= EXERCISE INSTRUCTIONS =
A word-for-word copy of the data is what's wanted, with no pictures.

= MATERIAL PROVIDED =
⟨
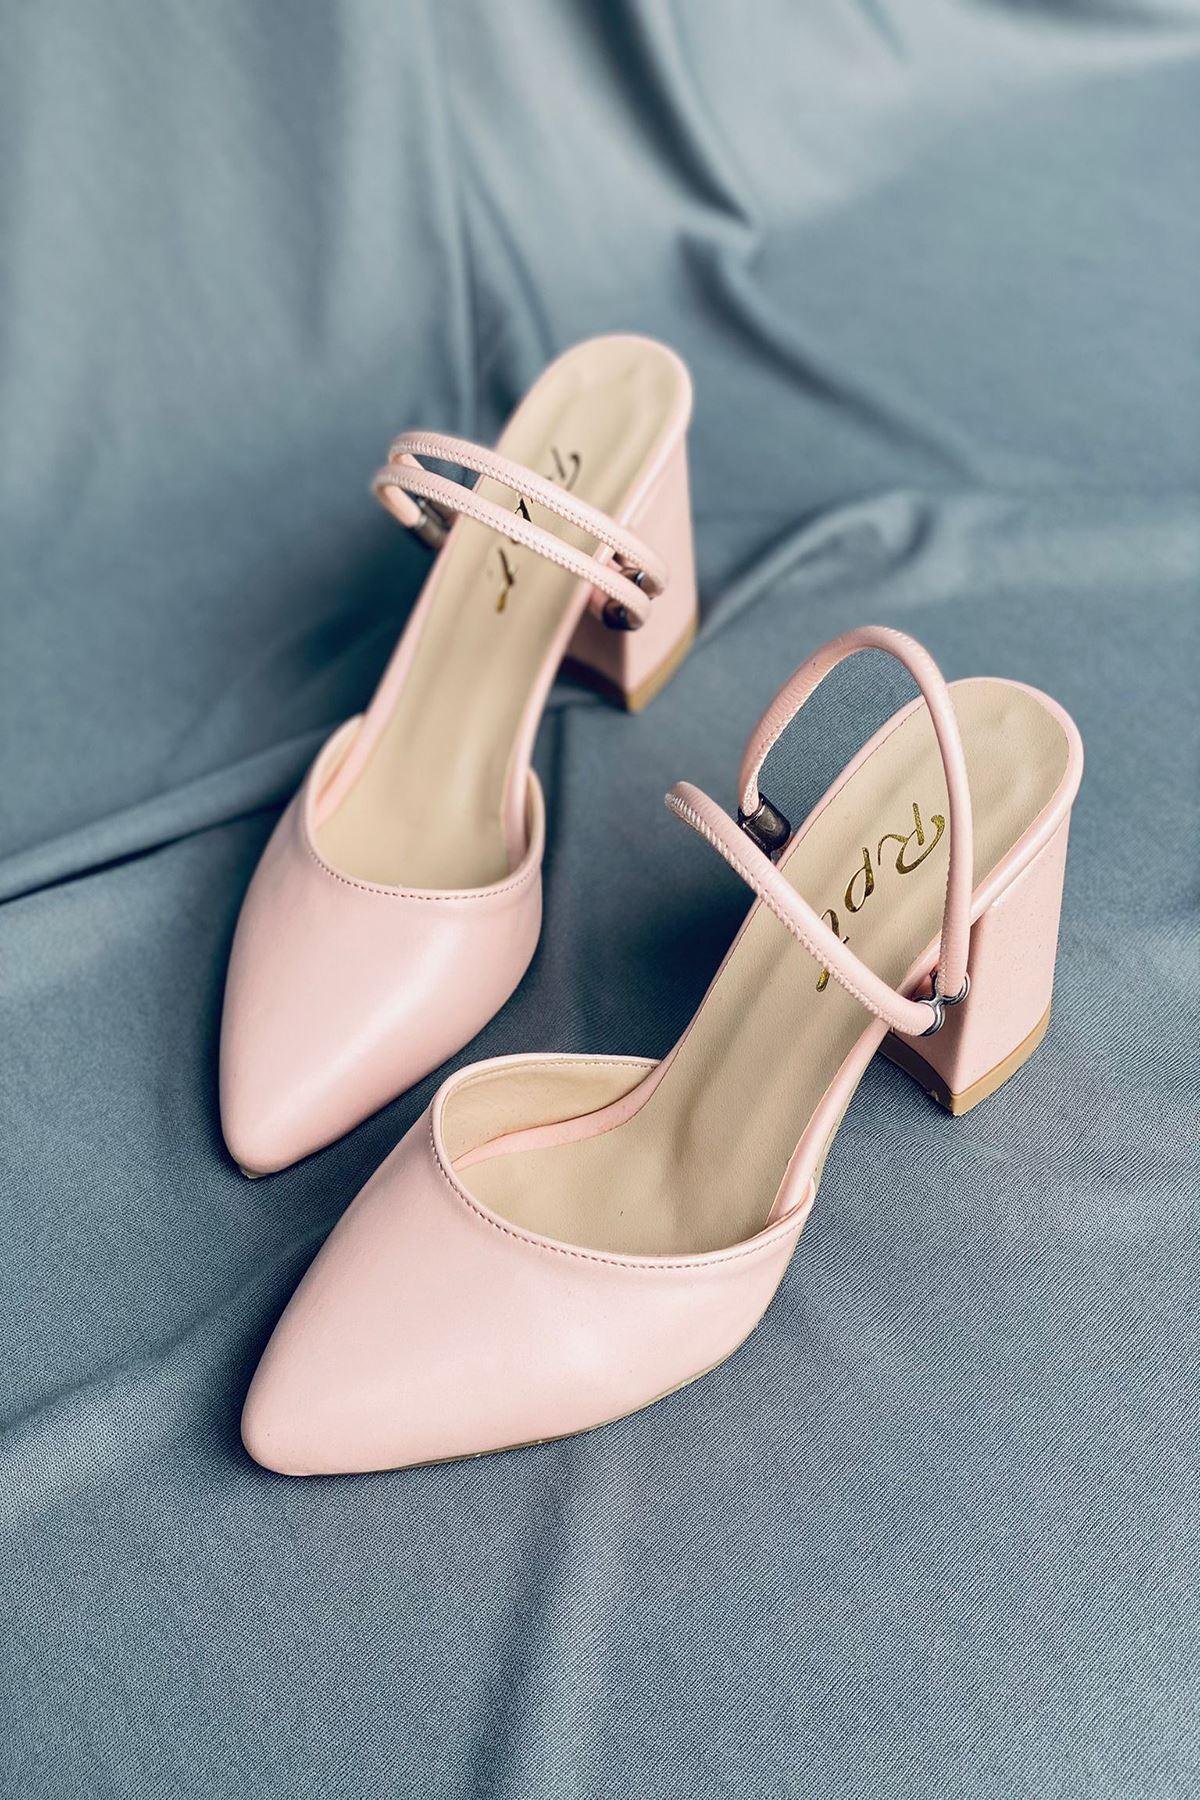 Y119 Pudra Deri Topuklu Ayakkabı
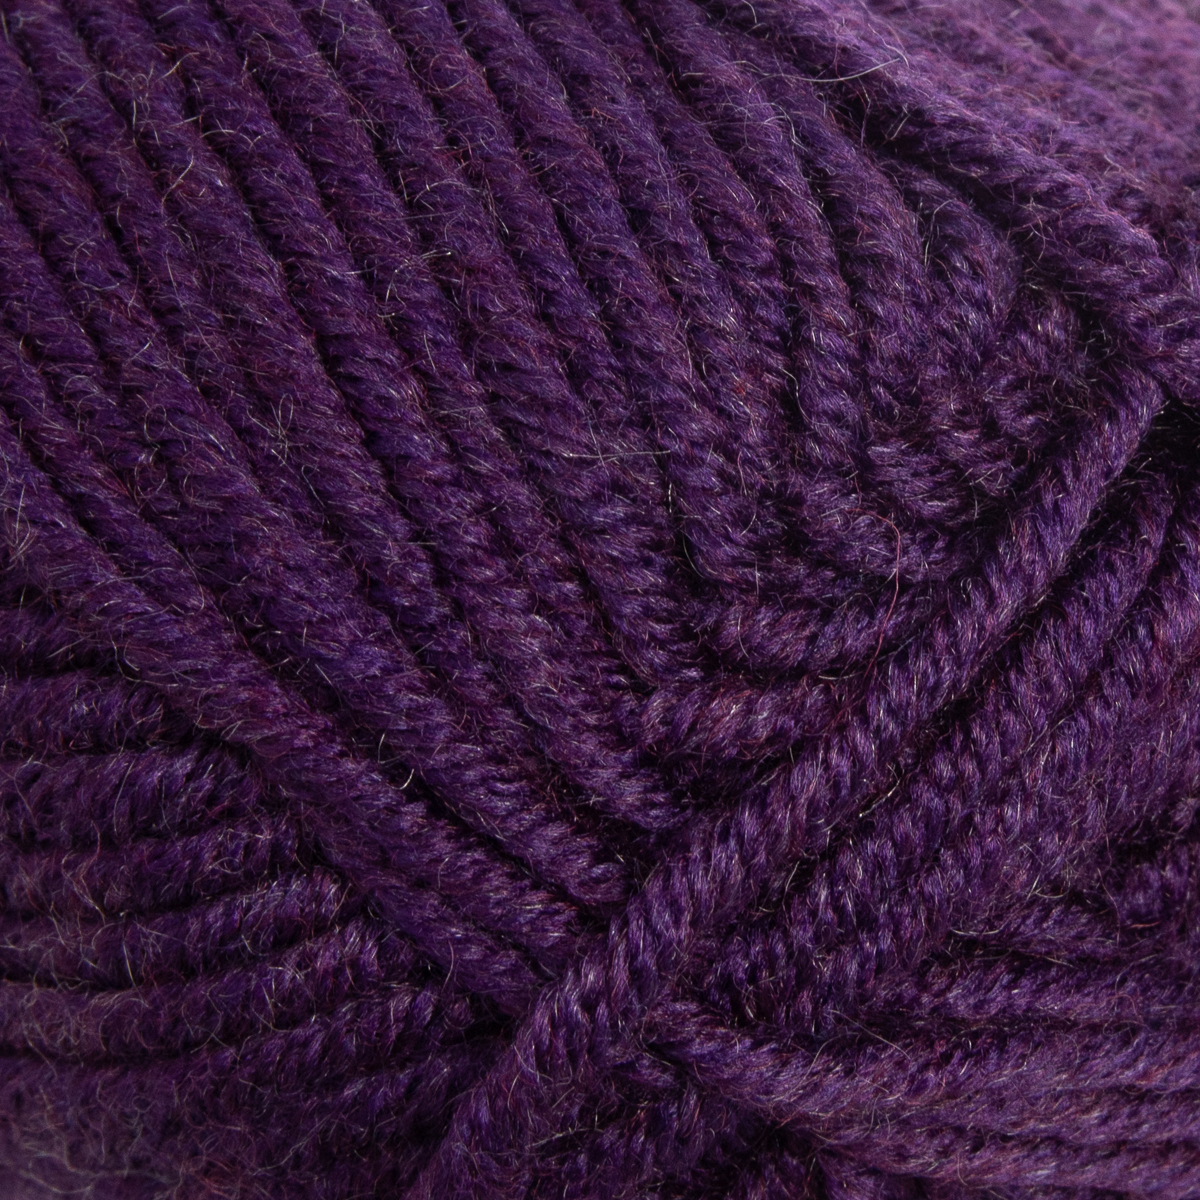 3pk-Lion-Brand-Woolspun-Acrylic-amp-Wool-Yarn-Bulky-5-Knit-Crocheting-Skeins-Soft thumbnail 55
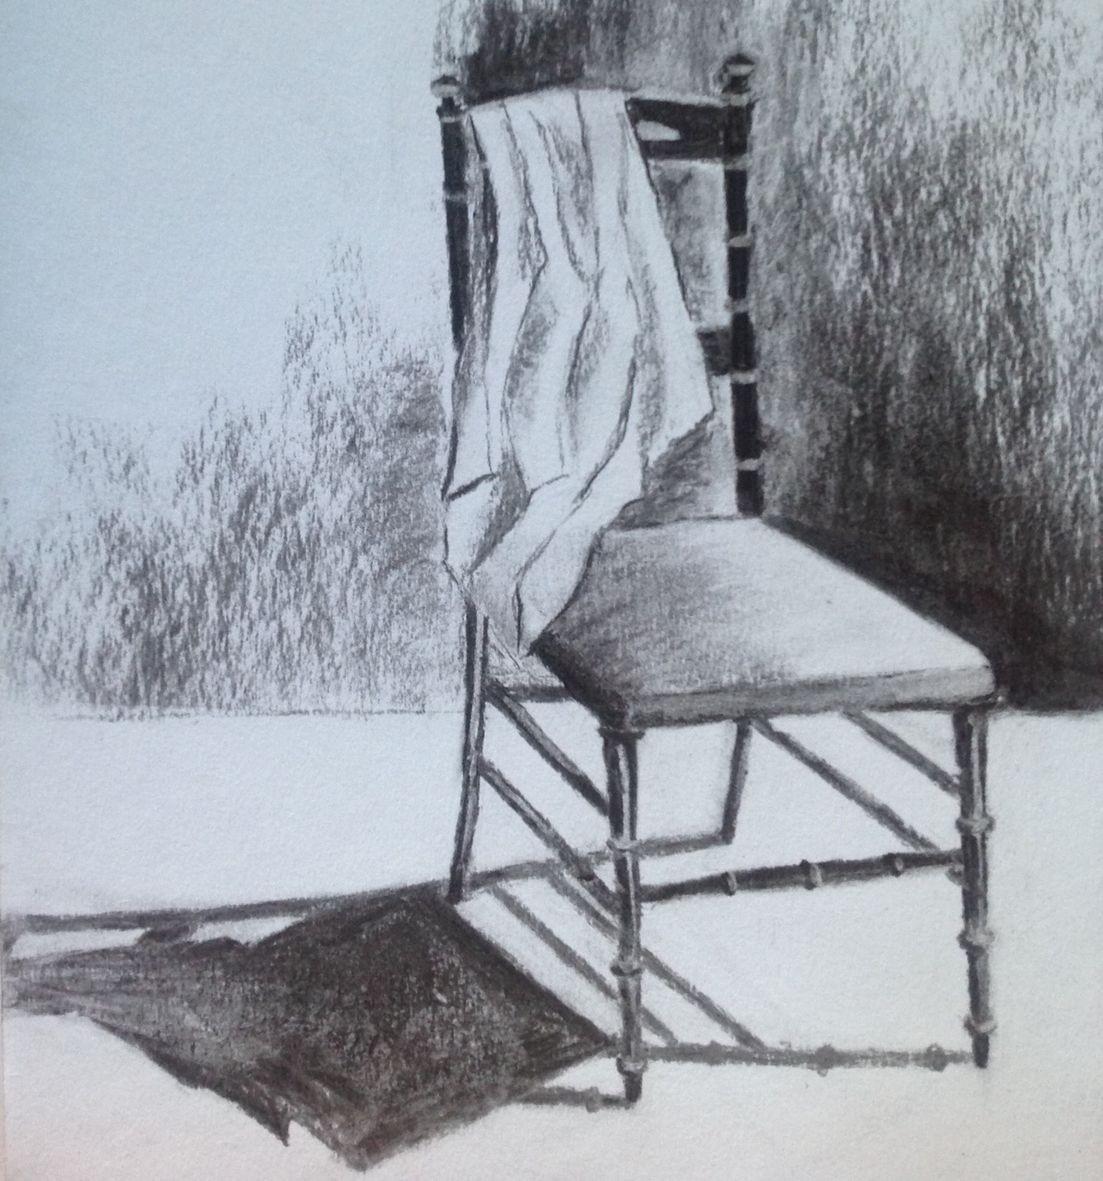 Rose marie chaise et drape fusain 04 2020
⟩
= RESULT FOR THIS TASK =
 Y119 Pudra Deri Topuklu Ayakkabı
 3pk-Lion-Brand-Woolspun-Acrylic-amp-Wool-Yarn-Bulky-5-Knit-Crocheting-Skeins-Soft thumbnail 55
 Rose marie chaise et drape fusain 04 2020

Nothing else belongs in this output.